Kriterien Baukindergeld

    • (1) 24.06.18 - 00:51
      Inaktiv

      Hallo,
      heute kam ja überall in den Nachrichten, dass das Baukindergeld nun wohl doch nicht für alle Eltern kommt, sondern an bestimmte Kriterien gekoppelt ist.
      Diese sollen sein:
      Haushaltseinkommen bis max. 75tsd Euro pro Jahr (+15000 Euro Freibetrag pro Kind)
      und
      Wohnfläche des Hauses bei Eltern mit max. 2 Kindern max. 120qm und pro weiteres Kind 10qm mehr.

      Wie findet ihr die Kriterien und welche würdet ihr ggf. gerechter finden?

      Ich persönlich denke, dass diese Kriterien besonders für sehr kinderreiche Familien unfair sind. Ob 120qm für 4 Personen viel oder wenig sind, darüber lässt sich streiten aber die 10qm pro weitem Kind reichen meiner Ansicht nach nicht aus. Denn man braucht ja dann nicht nur tendenziell ein Kinderzimmer mehr, sondern auch mehr Platz am Esstisch, auf dem Sofa, in Schränken u.ä. da sind 10qm dann schnell "weg".

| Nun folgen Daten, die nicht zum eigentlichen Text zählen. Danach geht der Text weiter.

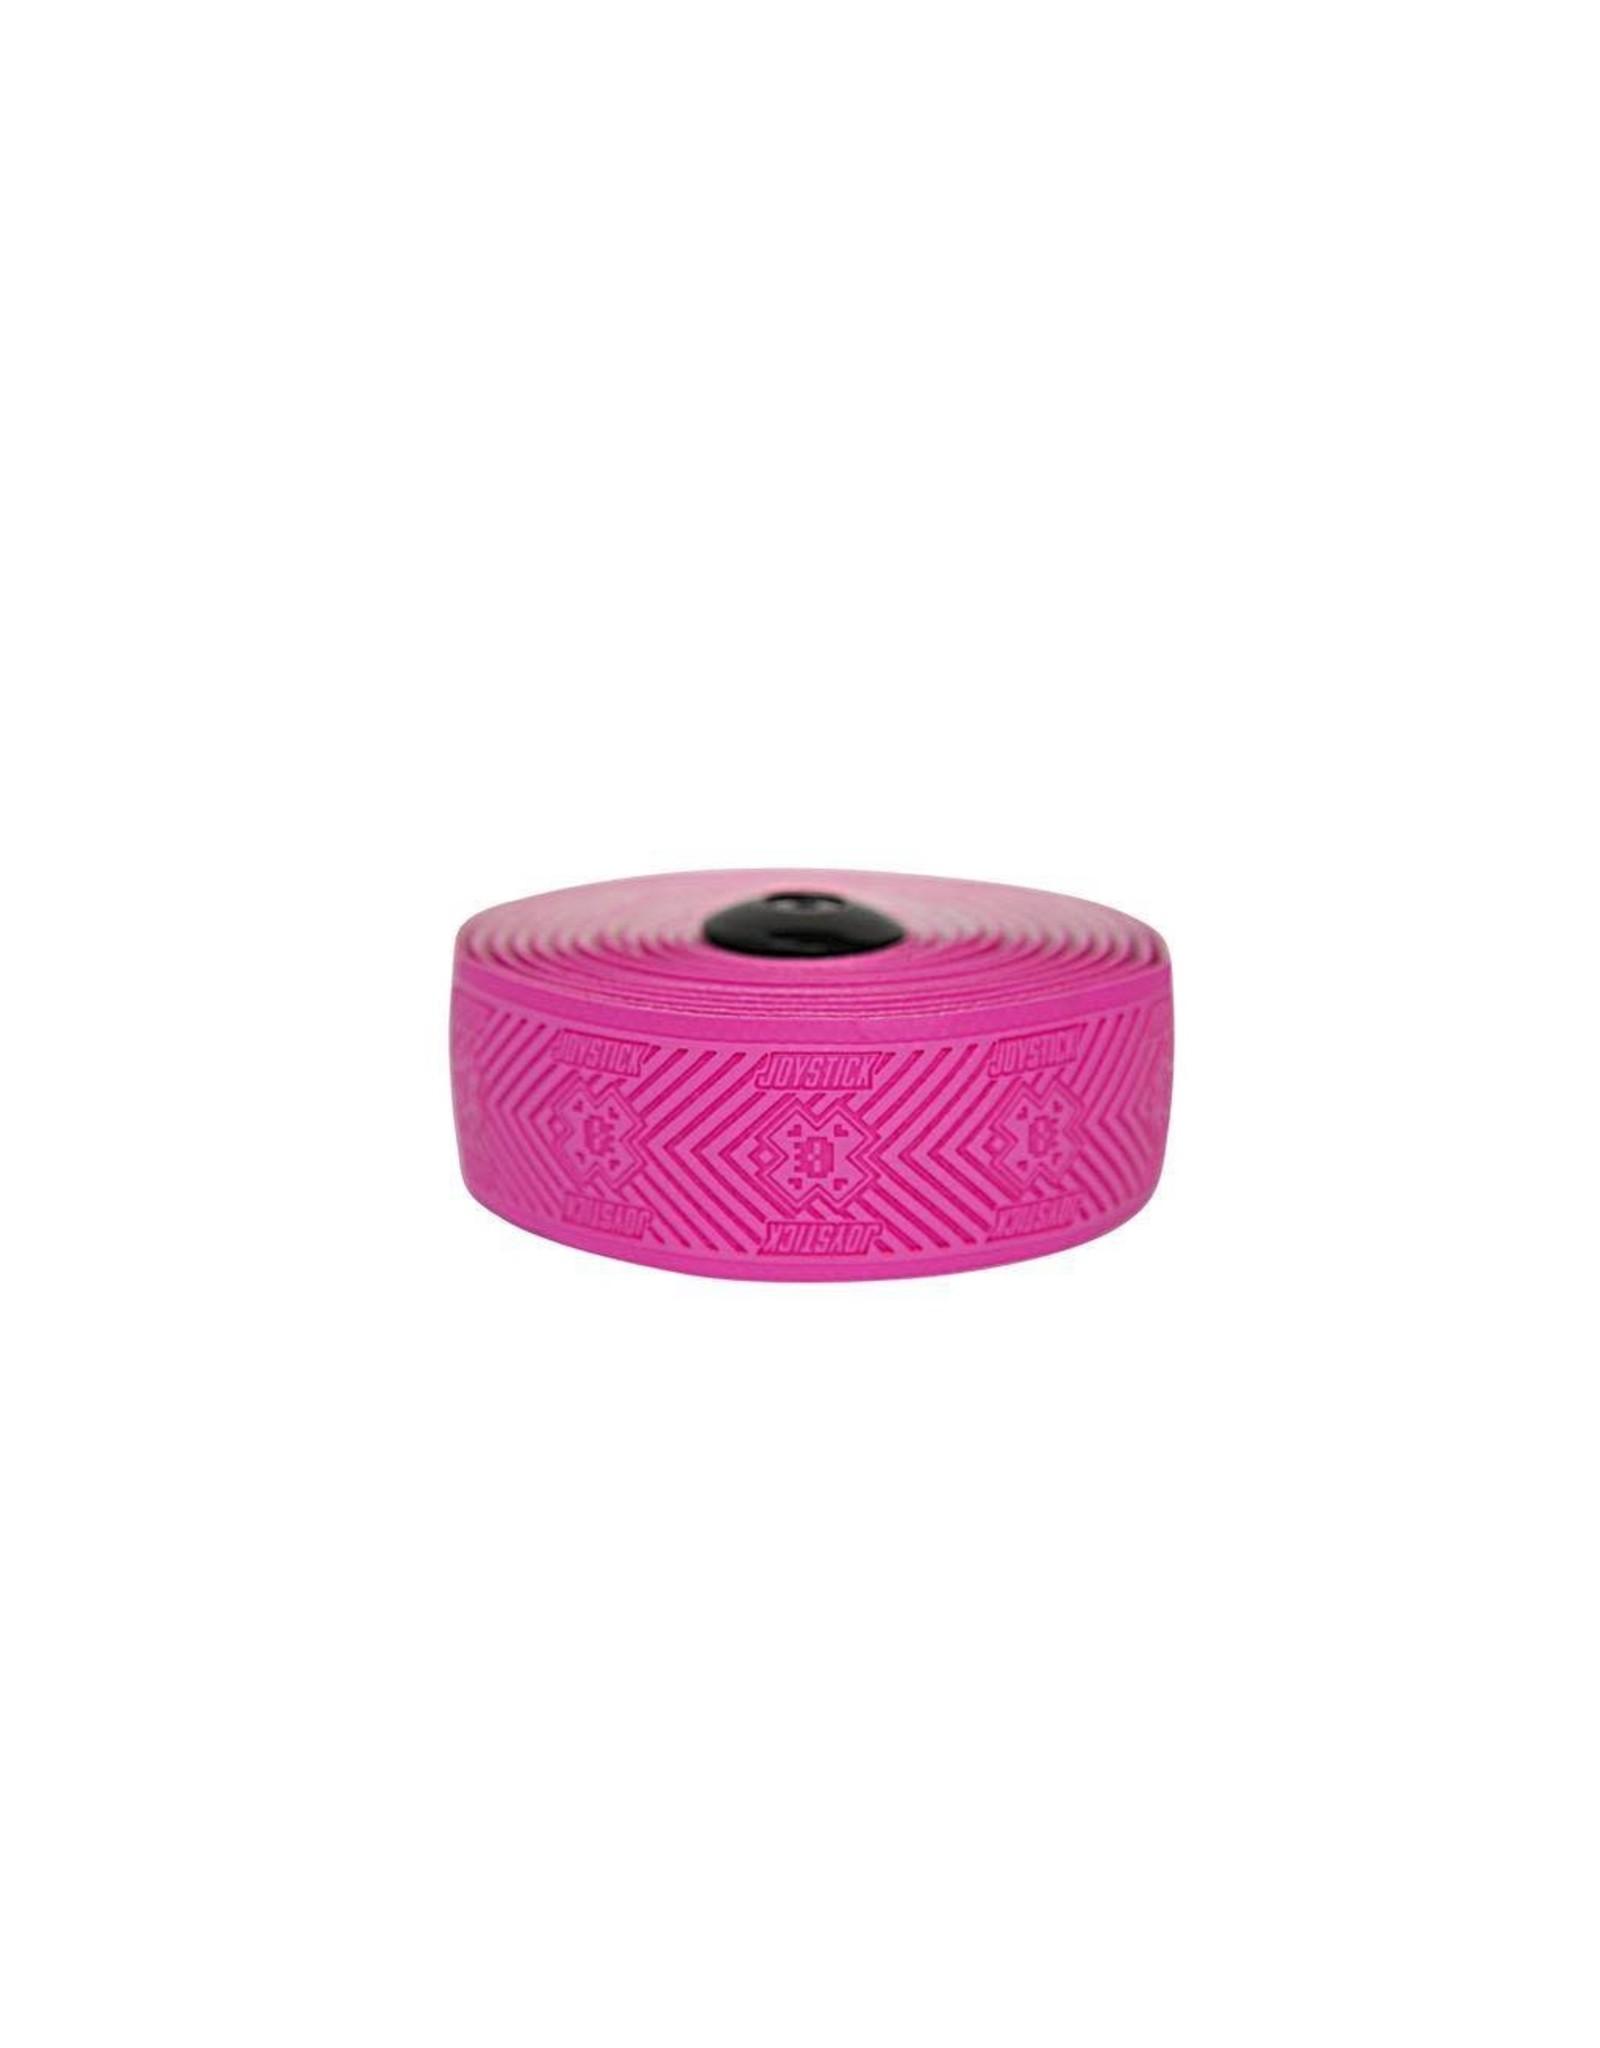 JOY STICK CDR-Joy Stick Analog Bar Tape 2.8mm PINK
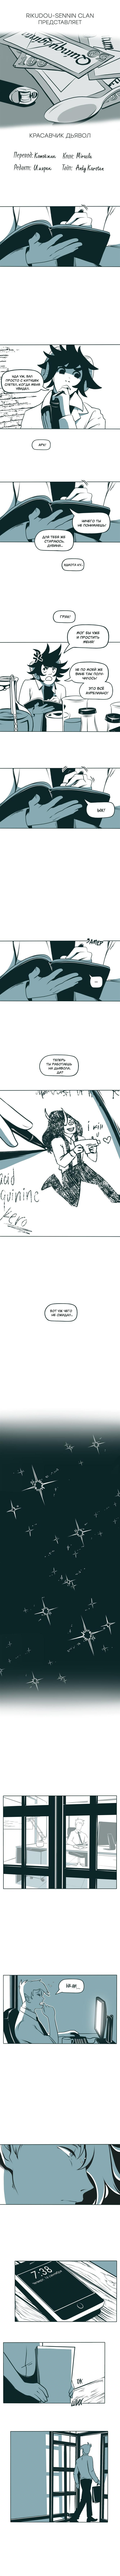 https://r1.ninemanga.com/comics/pic2/0/33536/420927/1534437807842.jpg Page 3

      • Wir haben auch auf das Baukindergeld gehofft aber das ist mit der Quadratmeterbeschränkung wohl passé. Mir persönlich wären 130qm mit 3 Kindern viel zu klein. Und da ich nicht gerne in einer Streichholzschachtel wohnen möchte, verzichte ich gerne darauf.

        Noch gar nicht berücksichtigt wurde ein notwendiges Arbeitszimmer. Mein Mann und ich brauchen beide eins, also ein gemeinsames. Da müsste es eigentlich weiteren Spielraum geben. Und mir ist nicht klar, ob oder inwiefern der Keller mitzählt bzw. wie das mit weiteren Nutzflächen ist.

        ,Ungerecht‘ ist das jetzt auch für Familien, die Bestand auf dem Land kaufen. Da sind die Häuser oft größer. Und wahrscheinlich werden in nächster Zeit viele Häuser gebaut, die gerade noch so in die zulässige Quadratmeteranzahl reinfallen.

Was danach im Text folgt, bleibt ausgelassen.